Widespread implementation of screening mammography has enabled earlier detection of breast cancer and subsequently improved outcomes. However, there are limitations to current processes, as global access to screening mammography is constrained by availability of specialized radiologists and the potential for variation in performance among human readers. To address these restrictions, artificial intelligence (AI) computer-aided detection (CAD) algorithms are gaining increased attention worldwide. An evaluation recently published in JAMA Oncology compared the results of 3 different AI CAD algorithms as readers of a large set of mammographic examinations. The retrospective case-control study included women aged 40 to 74 years from the Swedish Cohort of Screen-Aged Women data set, who were invited for screening examinations between 2008 and 2015. The final study sample included 8805 women, 739 of whom received a diagnosis of breast cancer. One AI CAD was found to reach—and in some comparisons surpass—the performance level of radiologists in assessing screening mammograms (81.9% sensitivity at 96.5% specificity). These results compare favorably with Breast Cancer Surveillance Consortium benchmarks (86.9% sensitivity at 88.9% specificity). Combining the first readers with the best AI CAD identified more positive cases than a combination of 2 human readers. When AI CAD assessments were used as the starting point, cancer detection increased by an estimated 8%, while abnormal assessments (true positives plus false positives) increased by 77%. Dr Mattie Salim et al suggest that a cost-benefit analysis of the addition of a first reader to the AI CAD algorithm would help to determine the economic implications of adding a human reader.

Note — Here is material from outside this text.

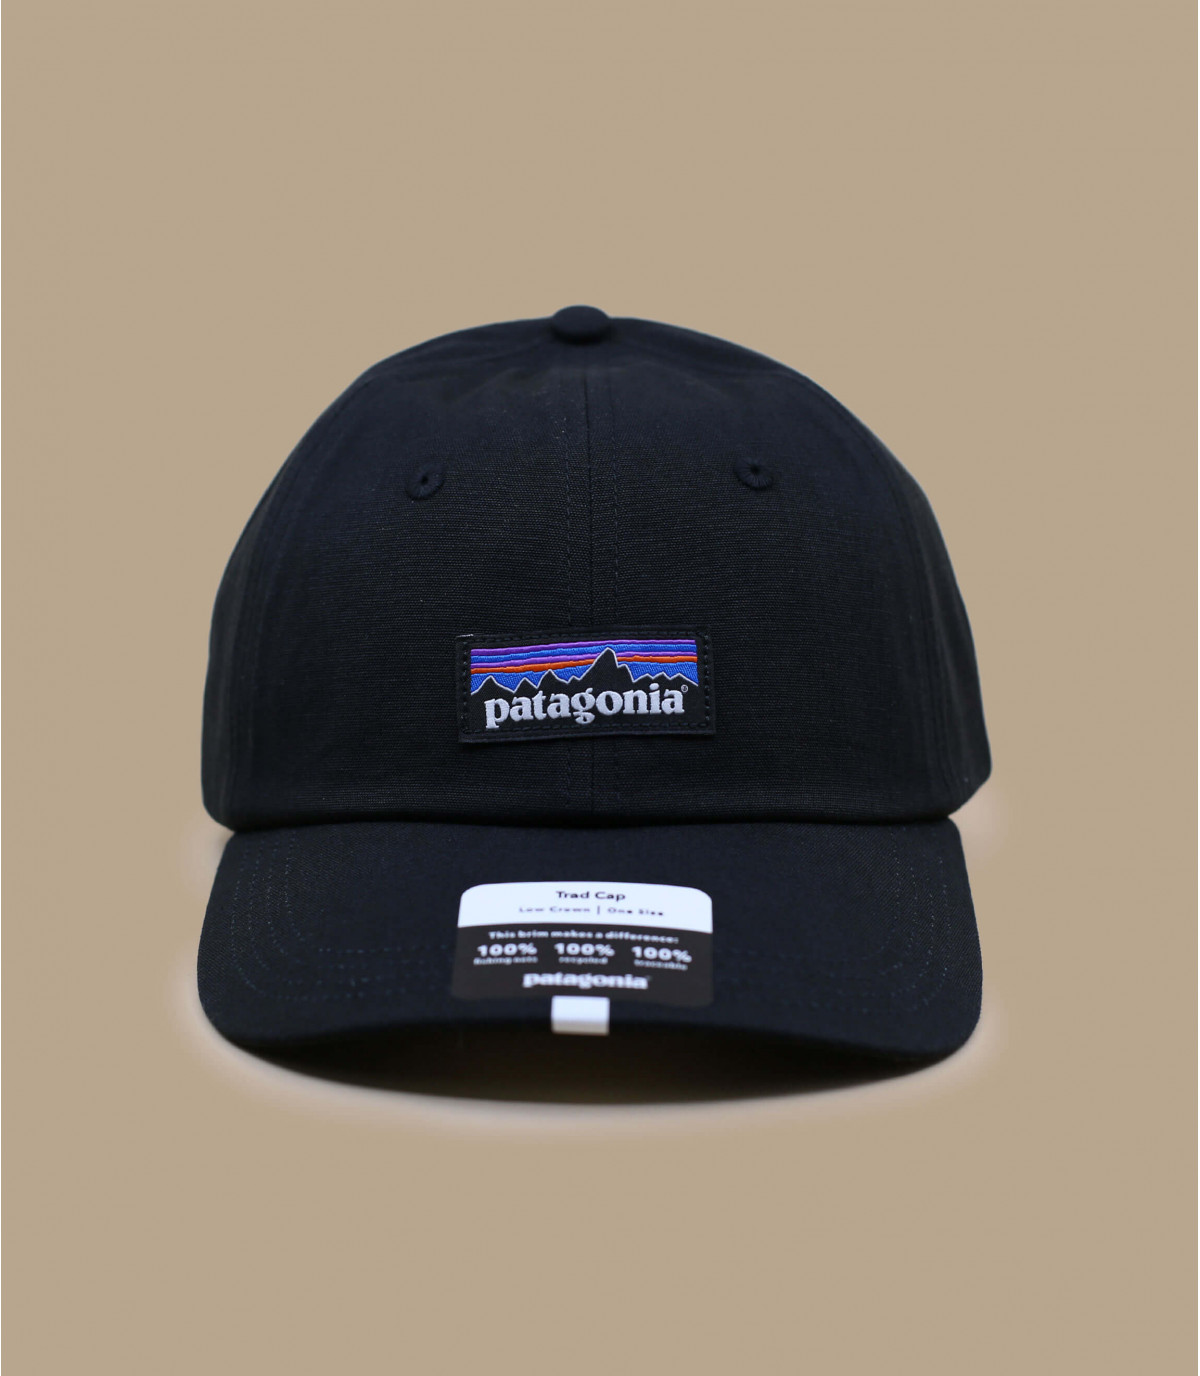 gorra Patagonia negro

High level: Although AI CAD algorithms have not been approved for use as independent readers by the US Food and Drug Administration, these results suggest that a commercially available AI CAD algorithm should be further evaluated as an independent reader in prospective clinical trials to determine whether these results will translate to success in routine clinical practice. In a commentary, Dr Constance Dobbins Lehman notes that if AI models are proven able to reliably sort women with cancer detected on their mammograms from those without cancer, the life-saving potential of quality screening mammography could be made available and affordable to a large population of women globally who currently do not have access to adequate screening.

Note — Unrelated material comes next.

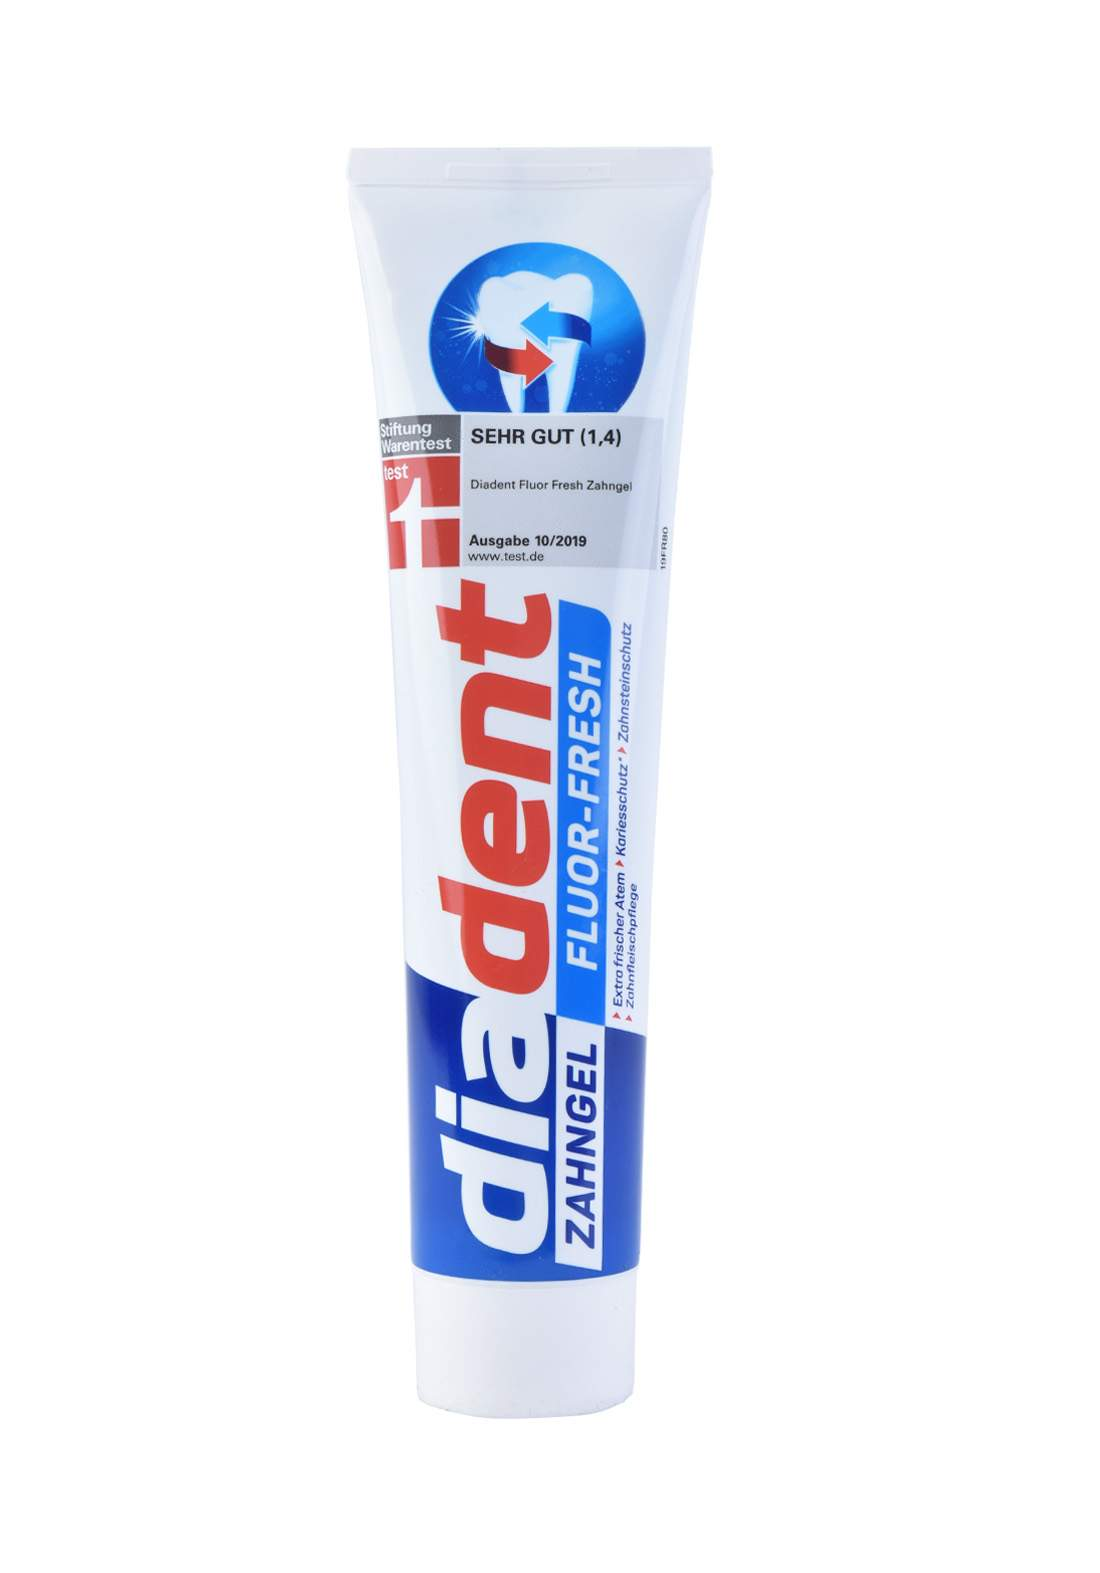 Diadent Fluor Fresh Zahngel 125ml معجون اسنان (الماني اصلي)

Ground level: Currently, every mammogram must be interpreted by a subspecialist, contributing to high costs and limiting access to screening for some women. It also introduces the potential for human error. The results of this study suggest that a commercially available AI CAD algorithm could perform at or above the level of radiologists and improve the effectiveness of breast cancer screening. However, AI CAD algorithms are unlikely to replace humans altogether. Rigorous, prospective clinical studies of AI CAD are needed to determine the optimal screening processes, but given the price of commercial AI systems, Dr Salim et al suggest that a realistic implementation may be 1 radiologist and 1 algorithm.